## TASK MATERIAL
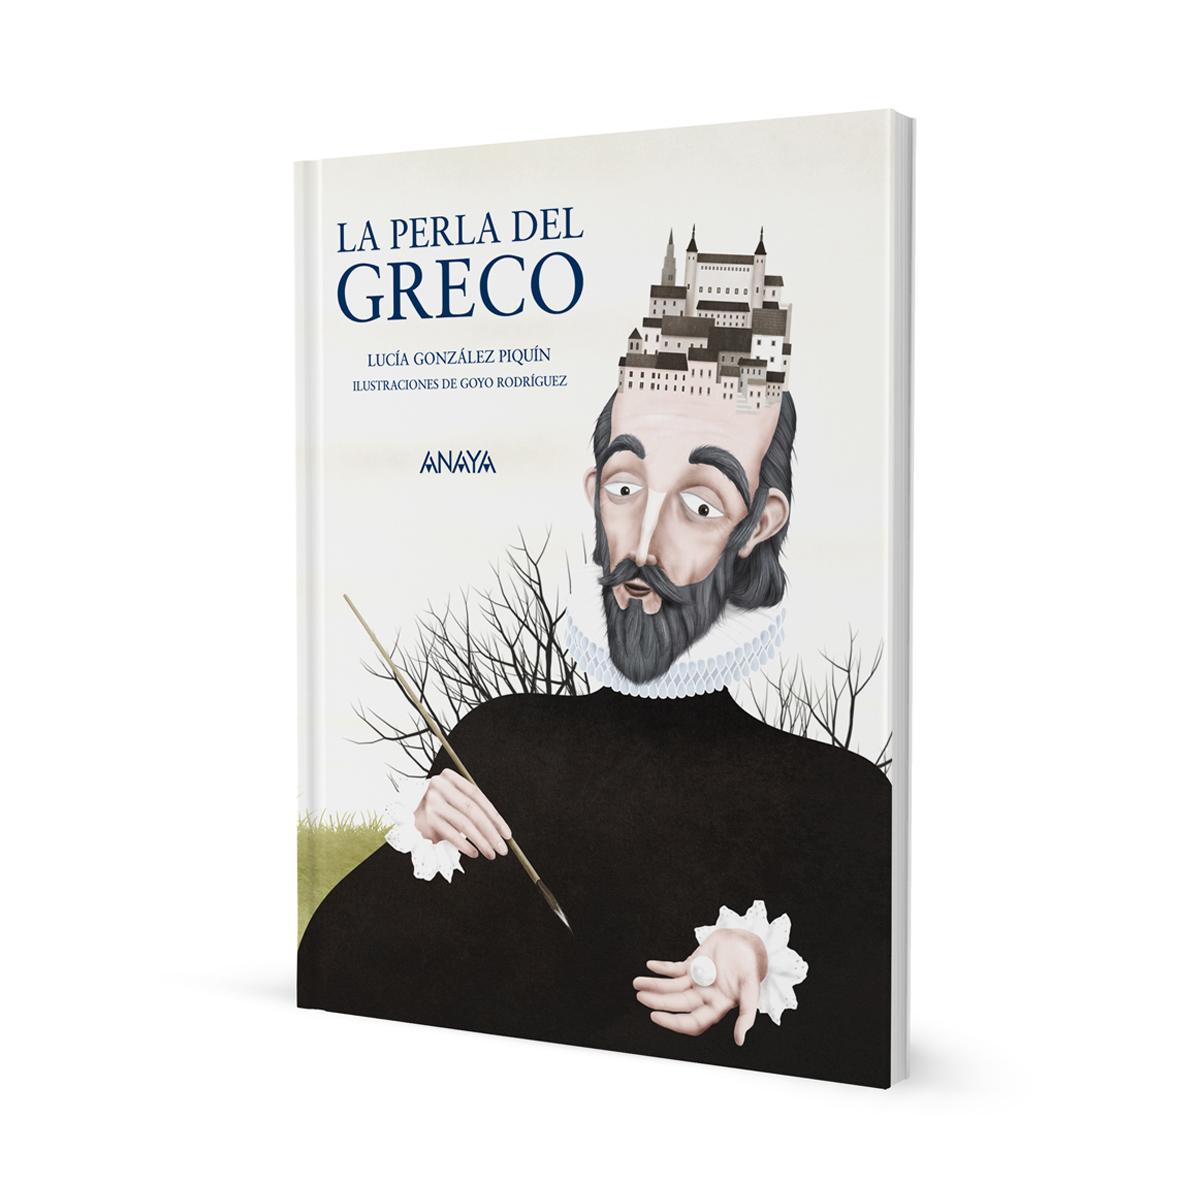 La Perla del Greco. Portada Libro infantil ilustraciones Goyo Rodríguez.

--

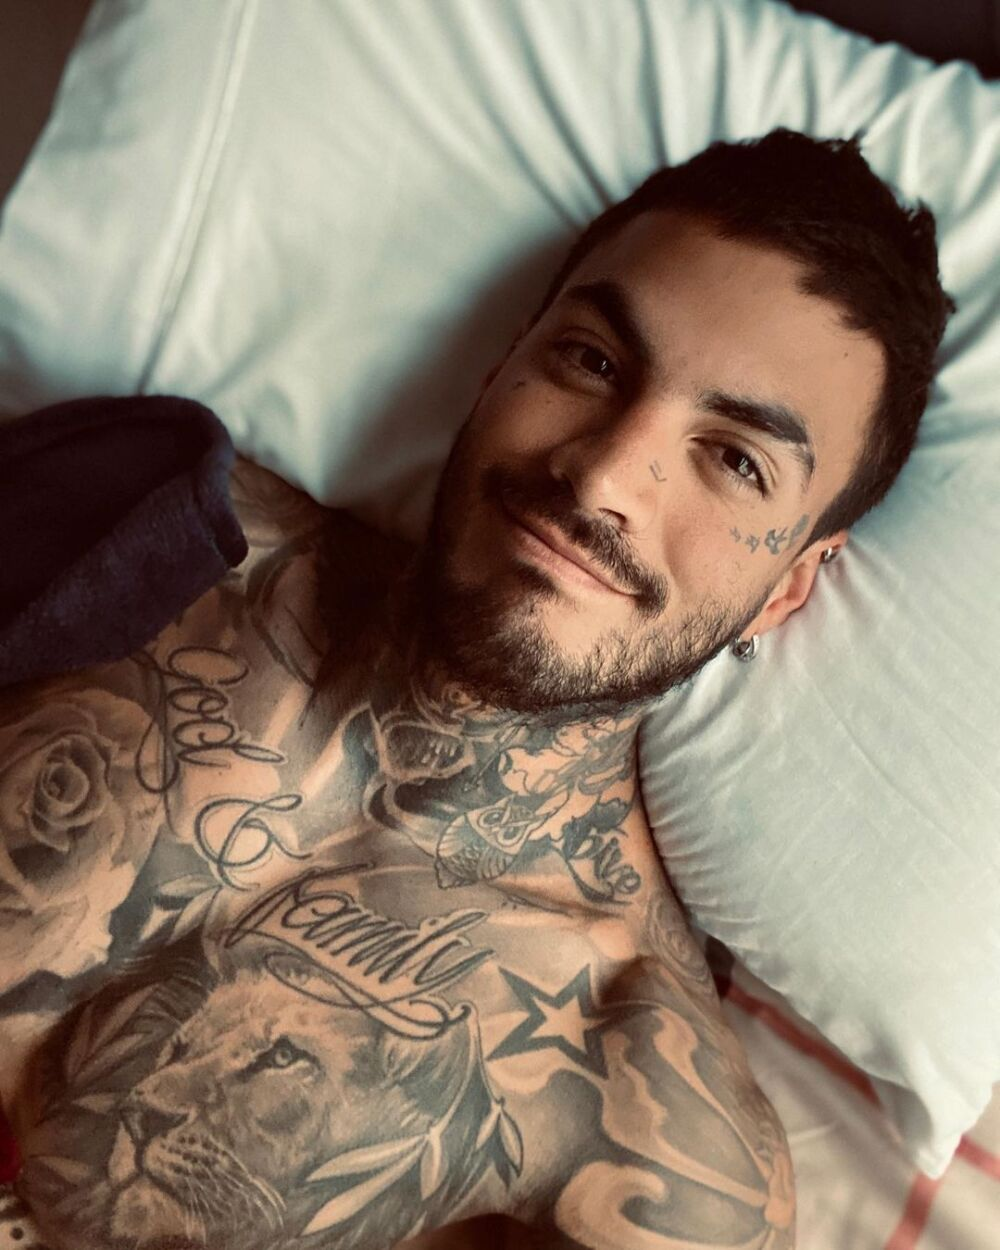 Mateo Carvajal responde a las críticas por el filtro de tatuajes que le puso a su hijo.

==

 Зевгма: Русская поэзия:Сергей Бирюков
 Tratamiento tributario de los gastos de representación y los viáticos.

## TASK TO CARRY OUT
Could you set down, word for word, only the lines above from the line with "Зевгма: Русская поэзия:Сергей Бирюков" to the line with "Tratamiento tributario de", including both?

## TASK OUTPUT
 Зевгма: Русская поэзия:Сергей Бирюков
 Tratamiento tributario de los gastos de representación y los viáticos.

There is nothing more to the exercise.